# locust breeding enclosures... show me yours



## lil_jo84 (Sep 6, 2008)

Hey all, well i've decided i'm going to try and breed my own locusts cos I will have quiet a few mouths to feed in the next few months and am finding it hard to get hatchling sized locusts. 

Can peps please post pics of their set-ups so i can hve nice idea of what to aim for... so far i'm thinking glass viv with false bottom to put sand containers in. Heated by light from above and heatmat to one side. Plus some egg flats and branches.
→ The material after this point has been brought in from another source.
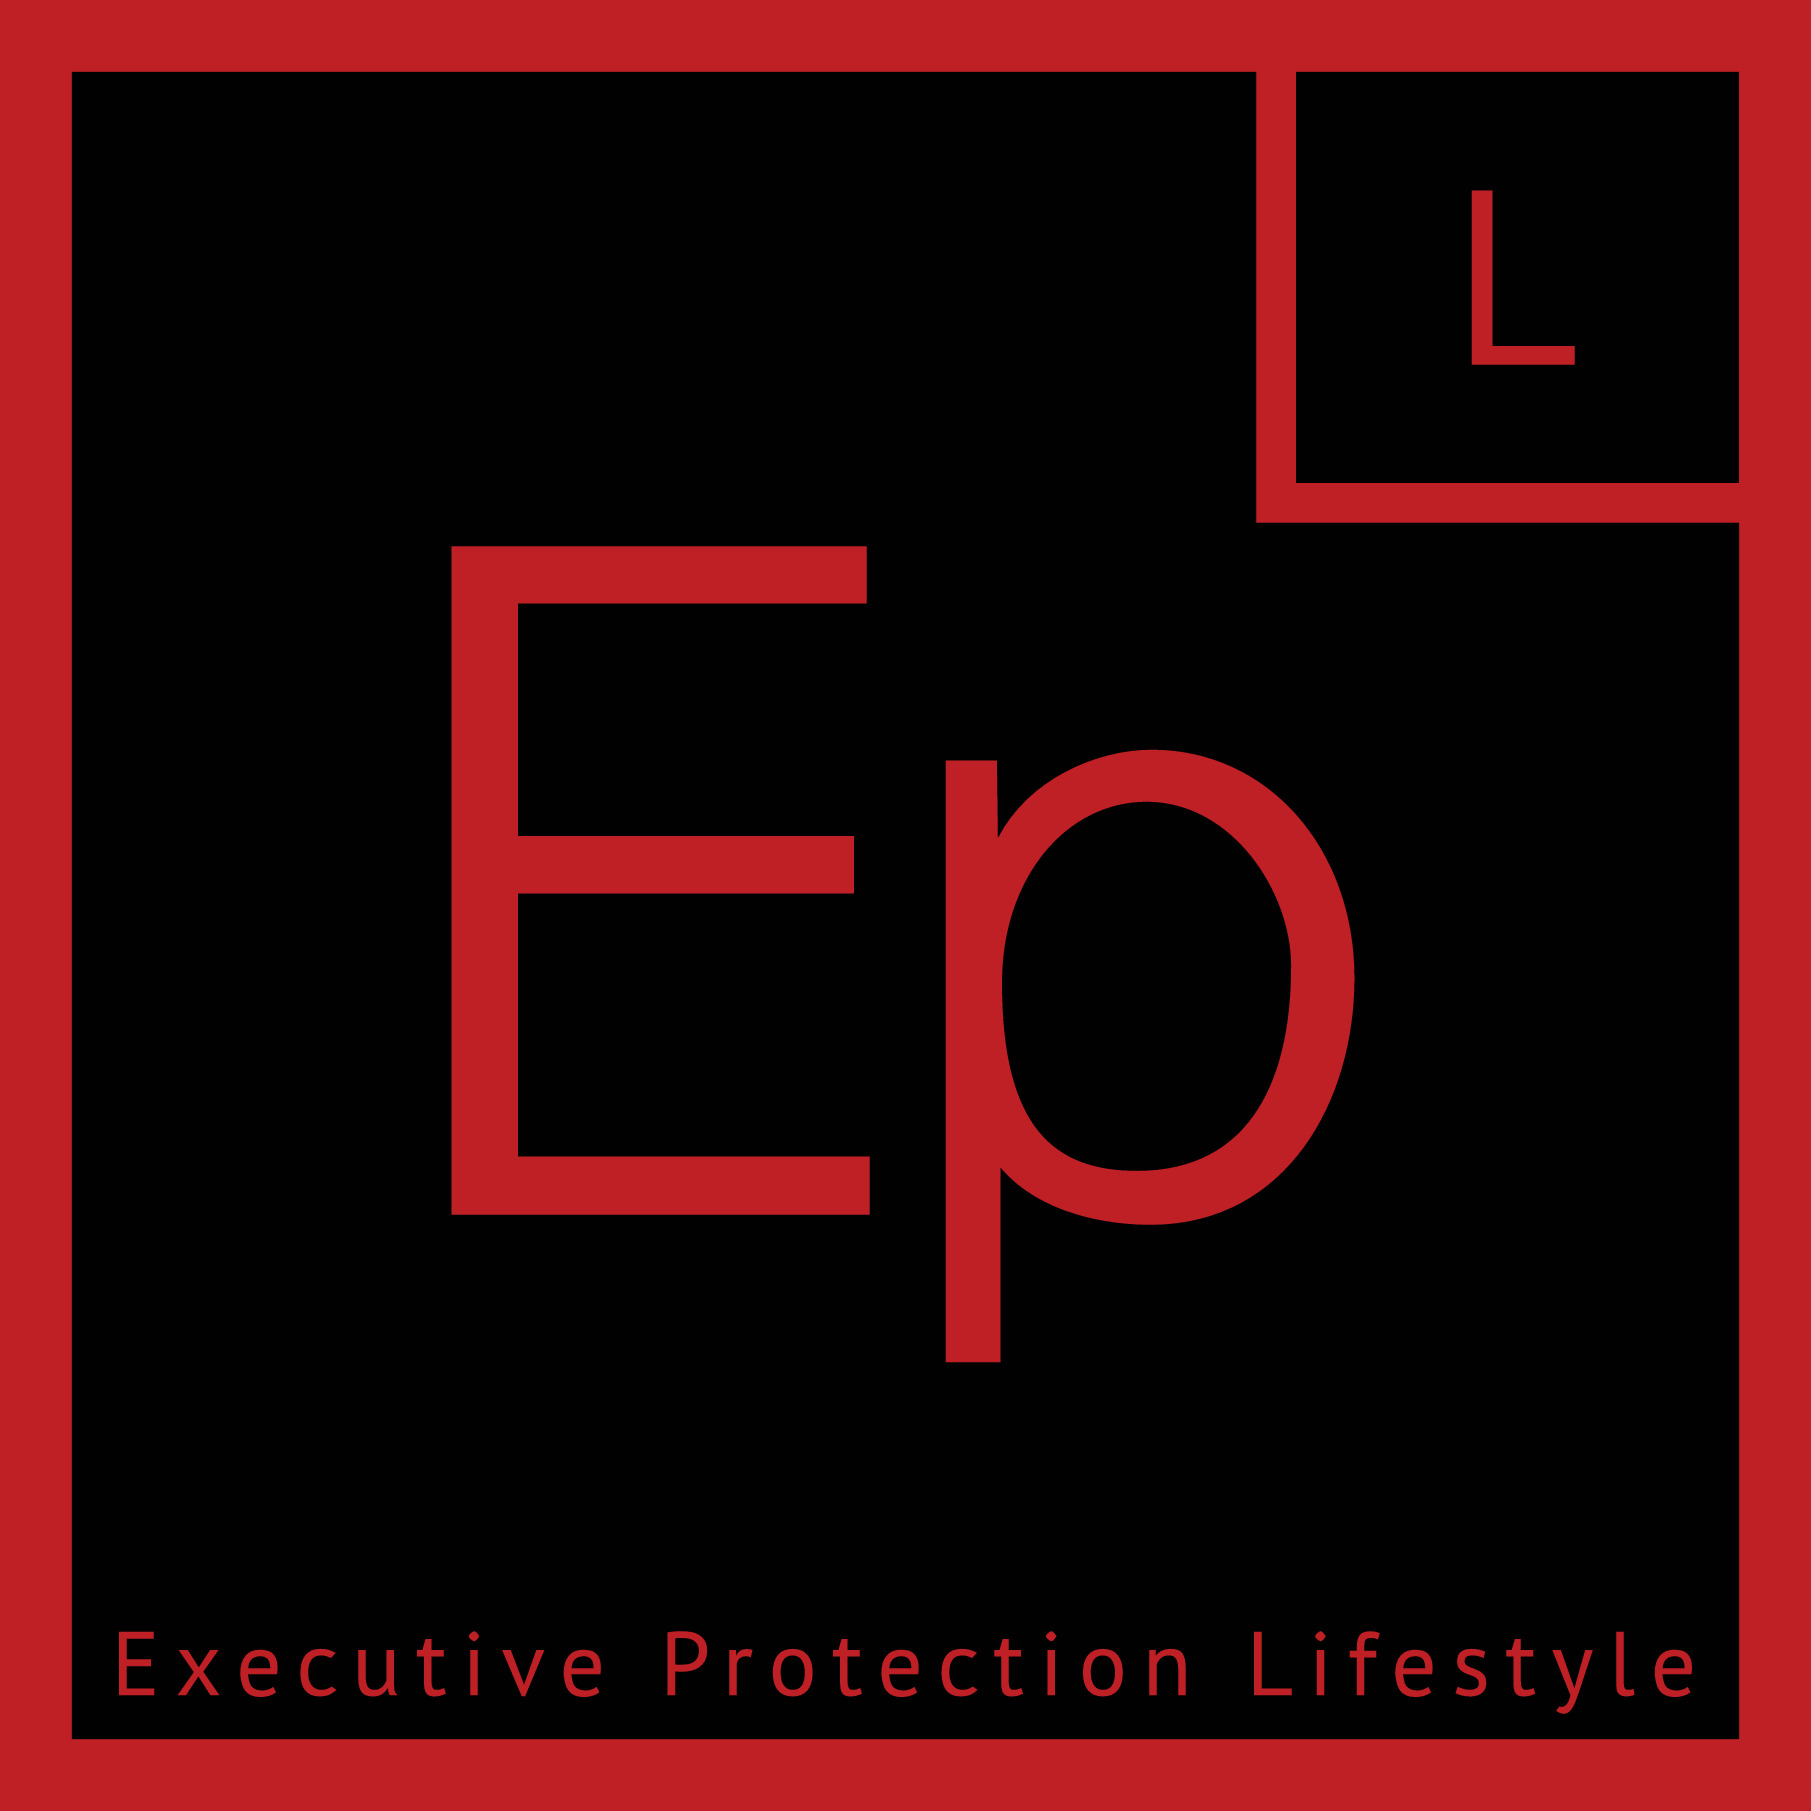 Executive Protection Lifestyle

Does this sound ok?

Jo


----------



## zon3k (Jun 7, 2009)

im building mine later on today, what you suggested so far seems ok and pretty similar actually
dont forget you will need a fair few boxes to seperate different sizes, ill be using 4-5


----------



## lil_jo84 (Sep 6, 2008)

zon3k said:


> im building mine later on today, what you suggested so far seems ok and pretty similar actually
> dont forget you will need a fair few boxes to seperate different sizes, ill be using 4-5


yeah i've got several enclosures for them already cos i currently buy in a varitey of different sizes to feed my various size leos and BD. So i'll have one for hatchlings, one for small/med and one for med/large then the viv for the adults


----------



## forteh (Feb 9, 2009)

Thats my breeding box, the front acrylic sheets slide upwards for access, the mesh floor means that any crap falls through and can be hoovered up without any problems. Anything smaller than 4th instar can get through the mesh though so generally I only put 5ths upwards in there. The lamp is on 7:30-21:30 dimmed down to give a temp on the mesh of about 85*F with hotter basking spots on the sticks. The middle wall has a hole through to the smaller compartment.
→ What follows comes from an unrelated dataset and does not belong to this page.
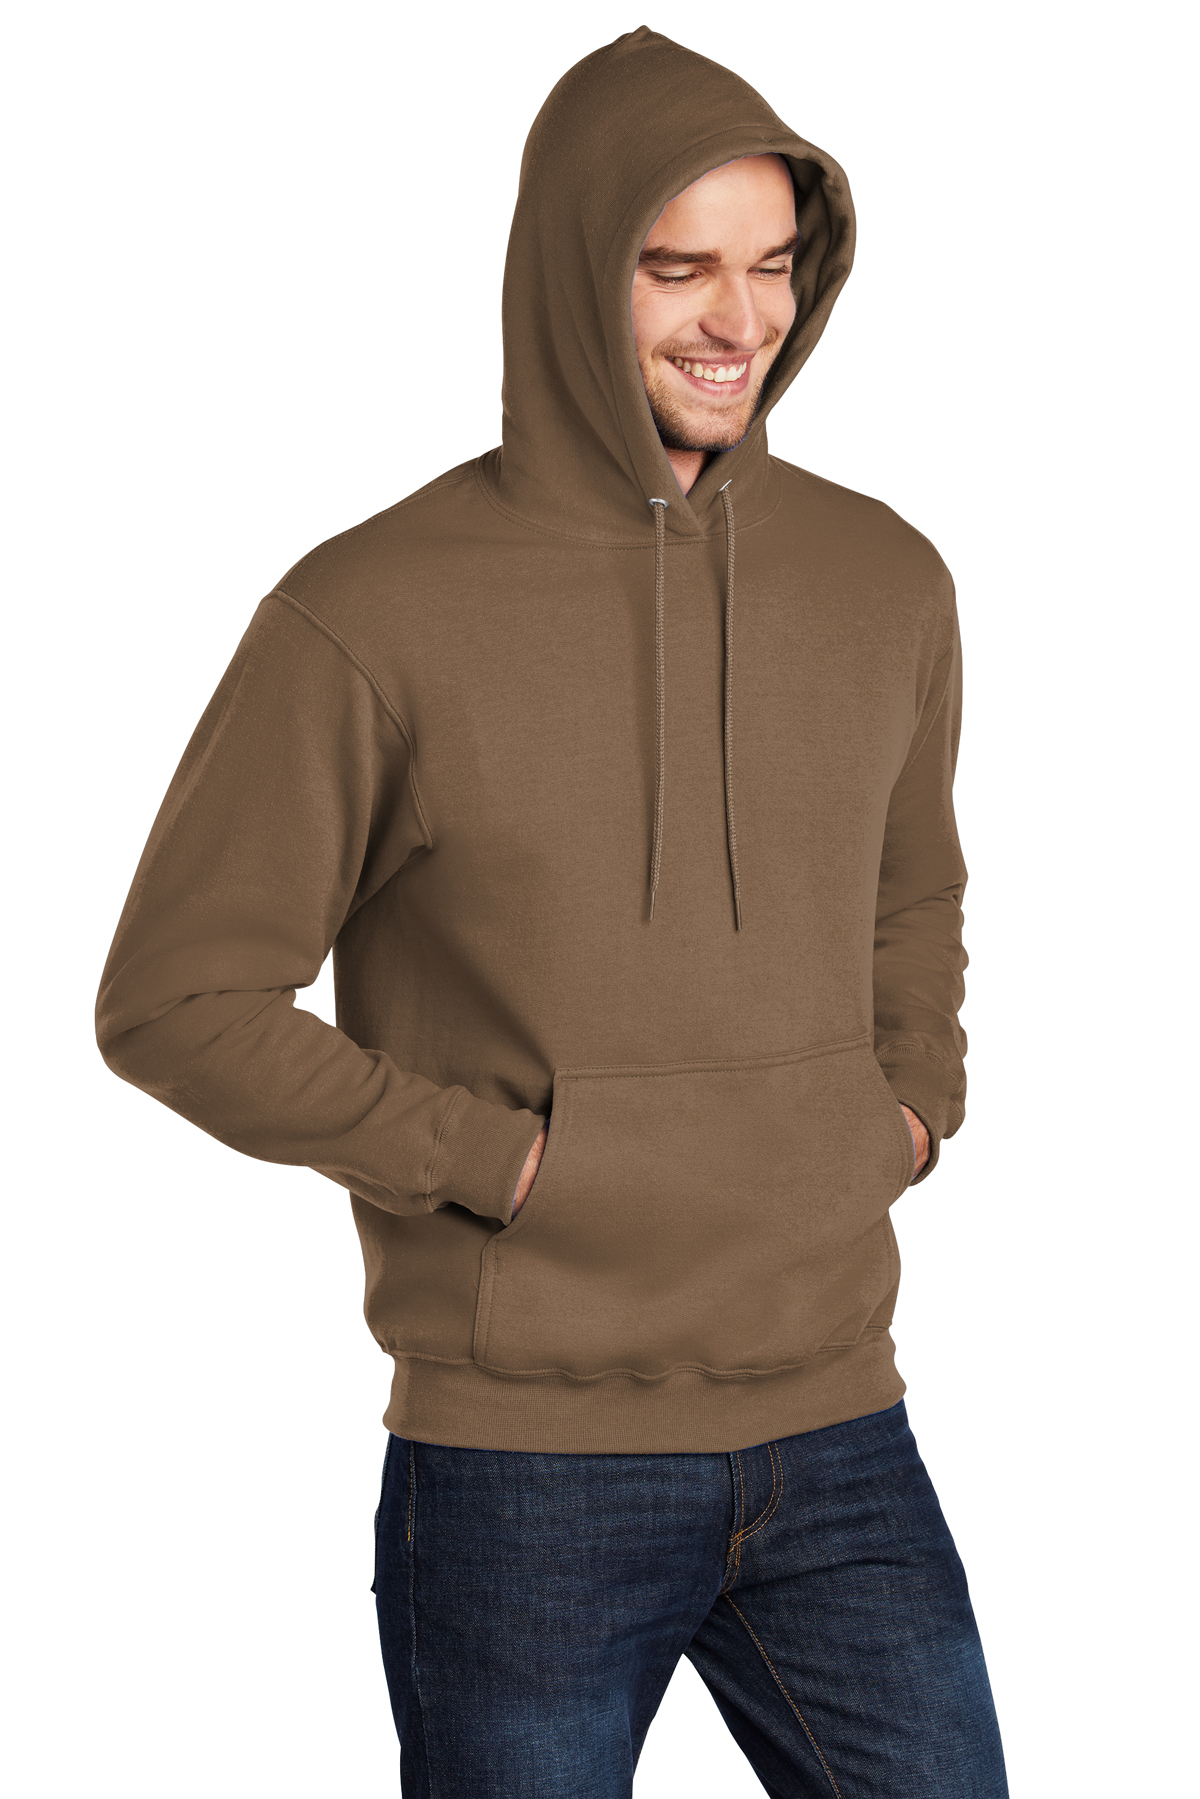 Port & | Company & Pullover Port Sweatshirt | Company Hooded Fleece Core Product

Ive recent restructured it so now the adults are only in the larger section, Ive closed the hole up with a flap made from that black plastic netting, this allows me to put food in through the flap without any escapees.

The smaller side has been converted into a nursery for freshly hatched hoppers (I found out that the slots in faunariums are big enough for them to crawl out of). There is a 16W exoterra heatmat in the bottom which is on 24/7, there is a layer of eggtray ontop which gives a platform at 85*F where I can keep cricket tubs of hatchlings. Its important to keep the hatchlings warm otherwise they die pretty easily.

Once the hatchlings are above 1st instar they can be put into a faunarium and kept as normal.

My incubator is a seperate polybox with a heatmat/eggtray setup in the bottom, keeps the lay pot at about 80*F which produces hatchlings in about 14 days.


----------



## cd78 (Jun 24, 2009)

wow! good work!


----------



## serpentsupplies (Sep 4, 2009)

though not the breeding site- when i went to a large well known locust breeder they basically kept them in massive cubes without lids. then each cube had a spot lamp on it. just a room with about 60 cubes in. each cube being 3ftx3ft. bloody hot- bloody expensive


----------